The Department of Defense is attempting to prevent China from gaining access to crucial U.S. space technology

According to officials, Chinese investments in the U.S. space companies and DoD vendors’ usage of Chinese software are causing anxiety within the Pentagon. Colin Supko, who is the director of the Defense Department’s trusted capital program, stated on September 28 at Space Sector Market Conference, “I will assure you that the supply chain is among the most important things that we are working on right now; within DoD.”

In January, the Department of Defense established the trusted capital initiative in response to worries that China was leveraging its financial muscle to gain access to parts of the defense industrial base that is situated in the U.S. The trusted capital office promotes venture capital firms to be vetted by the Department of Defense so that they can be designated as “clean capital” sources. As billions of dollars stream into the space industry, it becomes more difficult for the government to detect so-called hostile capital.

“Everyone understands that relying on possible adversaries for some of the vital systems and technologies is not in the best interests of the U.S.,” said Supko, a U.S. Navy captain and technology entrepreneur. “I will assure you that the current administration is working hard to address some of those issues, and they have some of the brightest minds working on it,” he said.

According to him, the Department of Defense’s trusted capital office is currently working with upwards of 70 companies and 20 venture firms totaling $1.2 billion in funding. “Our office was created to provide the government with due diligence capabilities. If a startup passes the DoD process, it receives a “warm introduction” to venture capitalists.”
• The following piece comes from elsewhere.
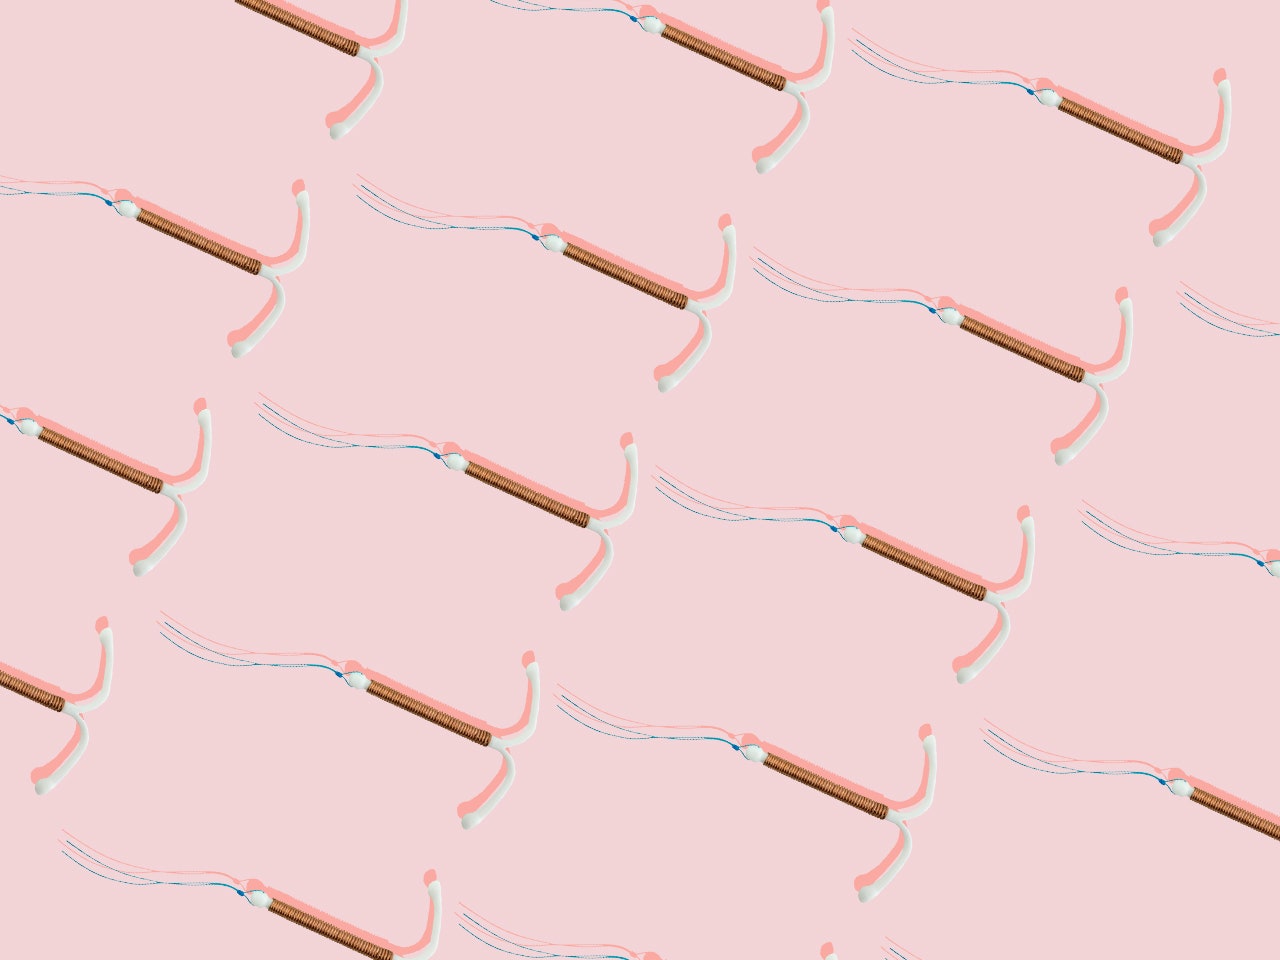 Discovering the facts about Paragard IUD:

“We attempt to connect entrepreneurs with V.C. funds that understand the value of clean funding,” Supko stated. He said that the Department of Defense has substantial latitude in assessing whether particular sources of capital are legitimate or antagonistic and that a company’s ability to compete for military contracts might be harmed as a result.

The interagency Committee on Foreign Investment in the United States (CFIUS) reviews deals involving foreign corporations that want to merge or buy U.S. companies. CFIUS has the authority to propose that the U.S. government stop a transaction on the national security grounds. According to Supko, the Defense Security Cooperation Agency has the authority to investigate transactions in which a foreign “controlling influence” could be present.

Even if there is no outright purchase, the government may opt to bar a company from bidding for government contracts in the United States on the basis that it receives hostile capital. There are a lot of gray zones there, according to Supko. “We have to be very careful not to give one corporation an advantage over another because having foreign ownership or even specific sorts of influence within a company is not illegal.”